Recorded data START

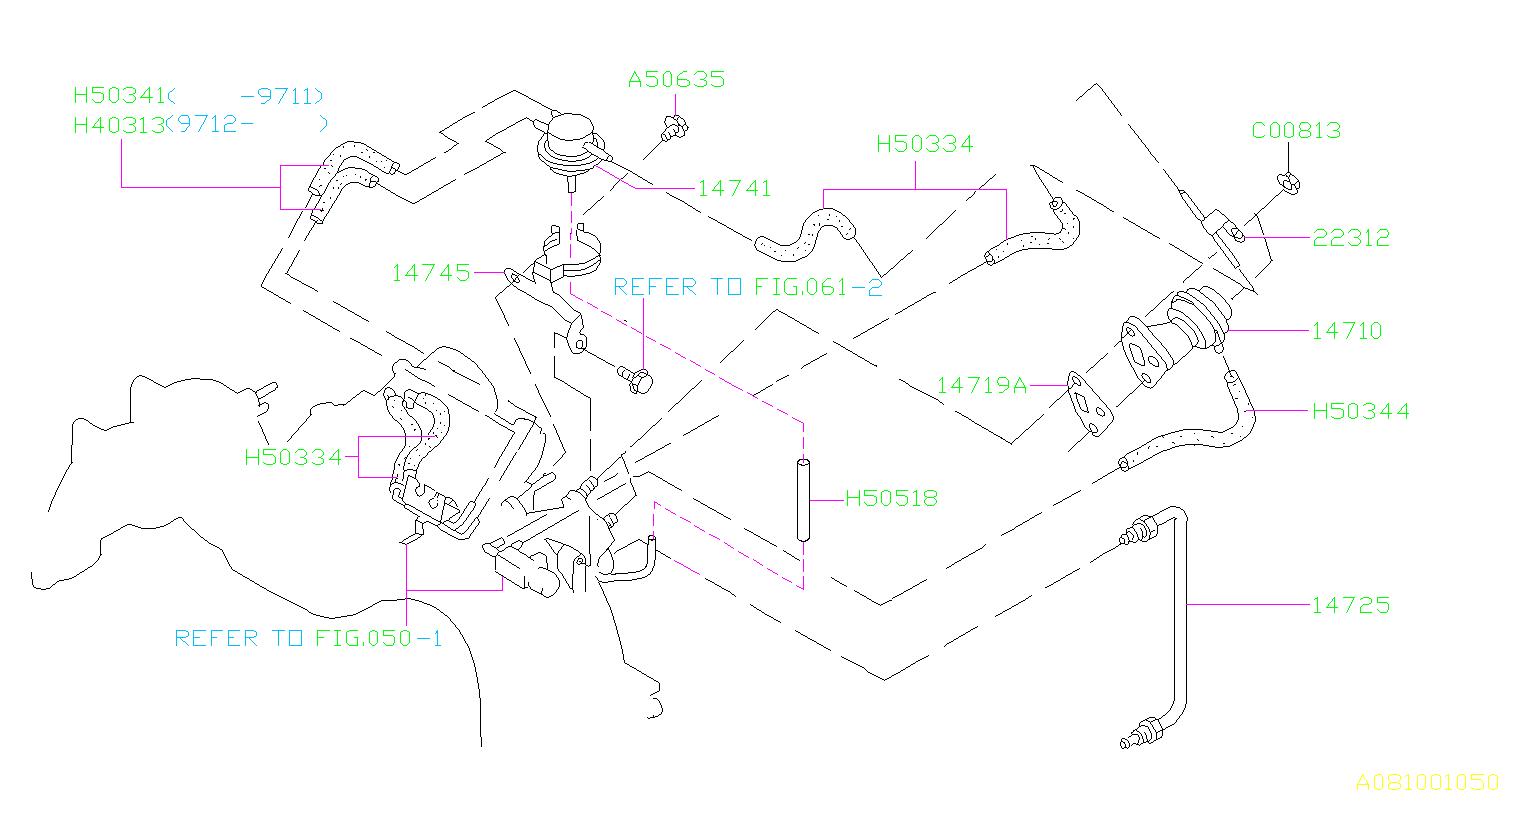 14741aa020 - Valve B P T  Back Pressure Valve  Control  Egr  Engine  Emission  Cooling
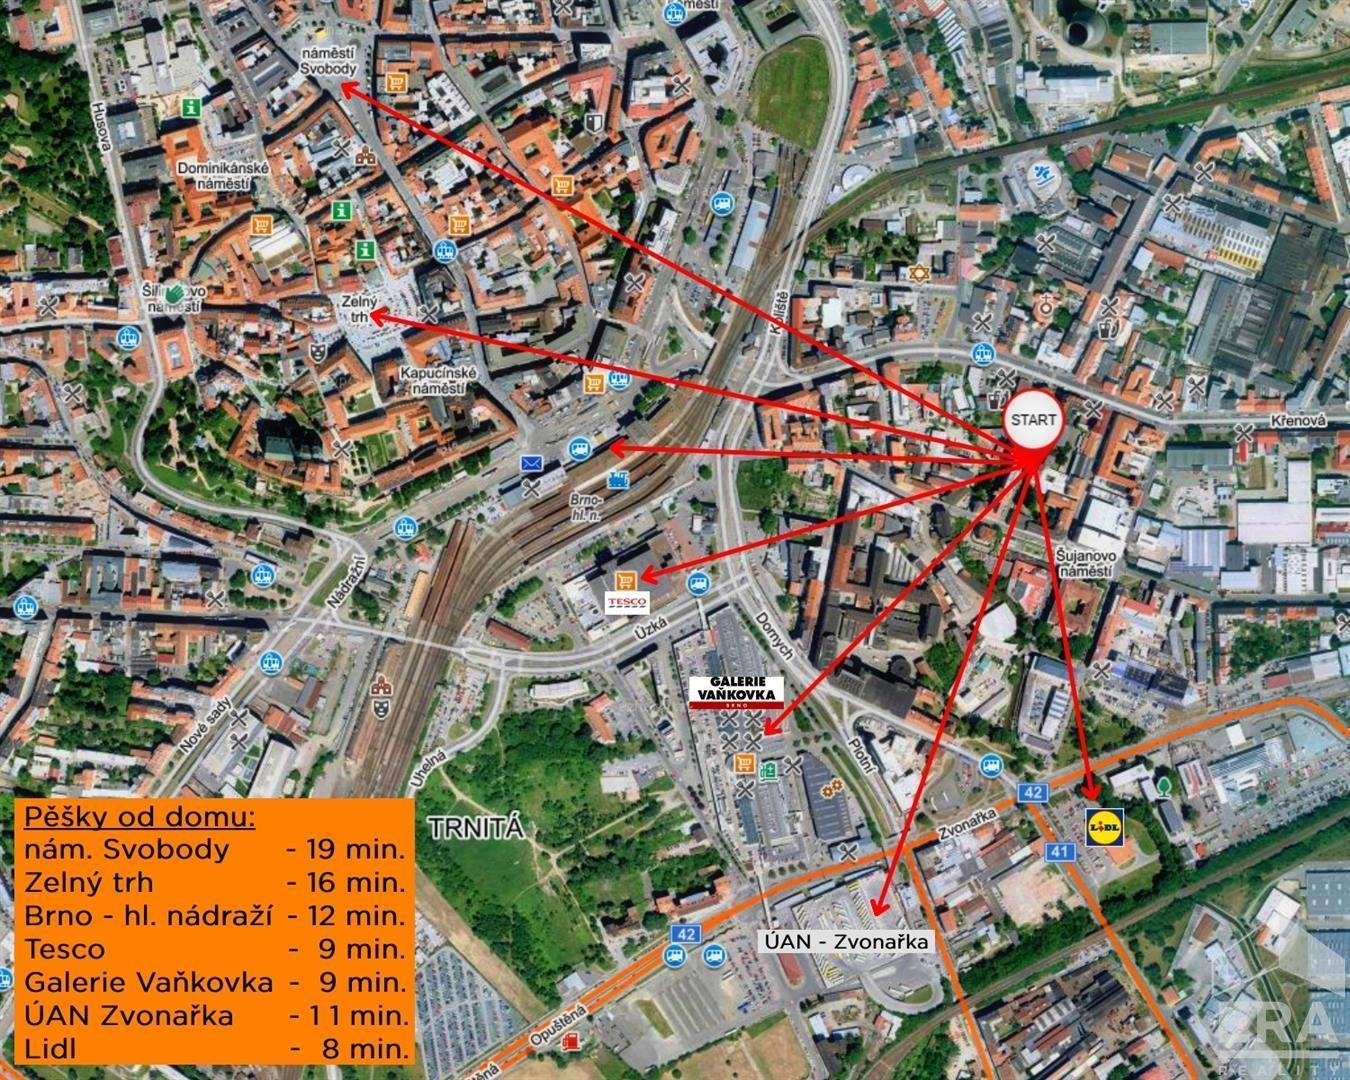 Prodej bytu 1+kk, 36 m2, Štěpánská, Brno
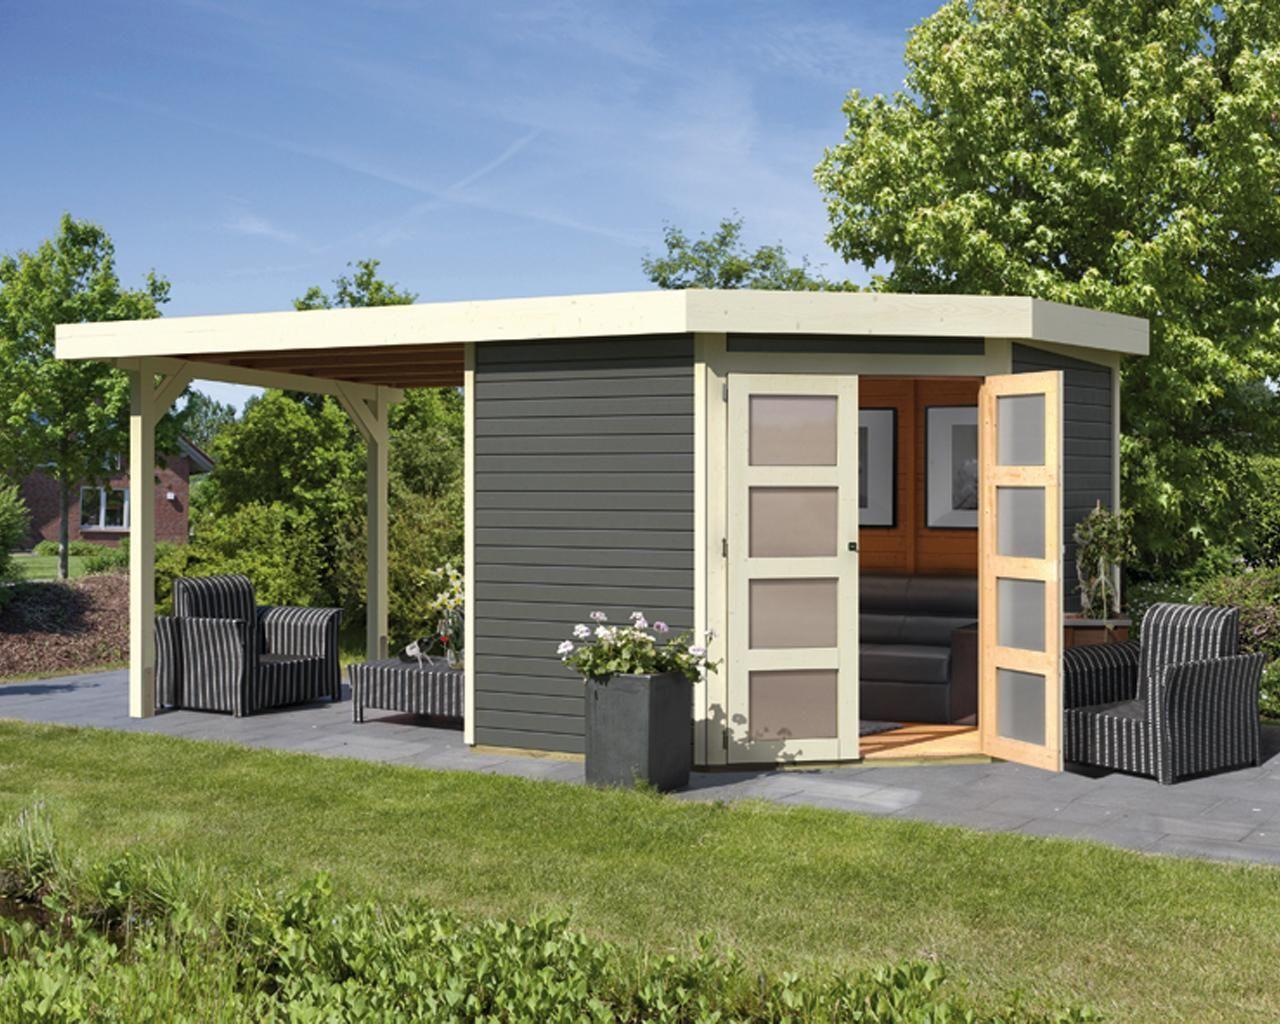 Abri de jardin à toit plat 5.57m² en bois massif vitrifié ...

Recorded data END

— Action item —
Drop the pictures and give every line above again exactly.

— Answer box —
 14741aa020 - Valve B P T  Back Pressure Valve  Control  Egr  Engine  Emission  Cooling
 Prodej bytu 1+kk, 36 m2, Štěpánská, Brno
 Abri de jardin à toit plat 5.57m² en bois massif vitrifié ...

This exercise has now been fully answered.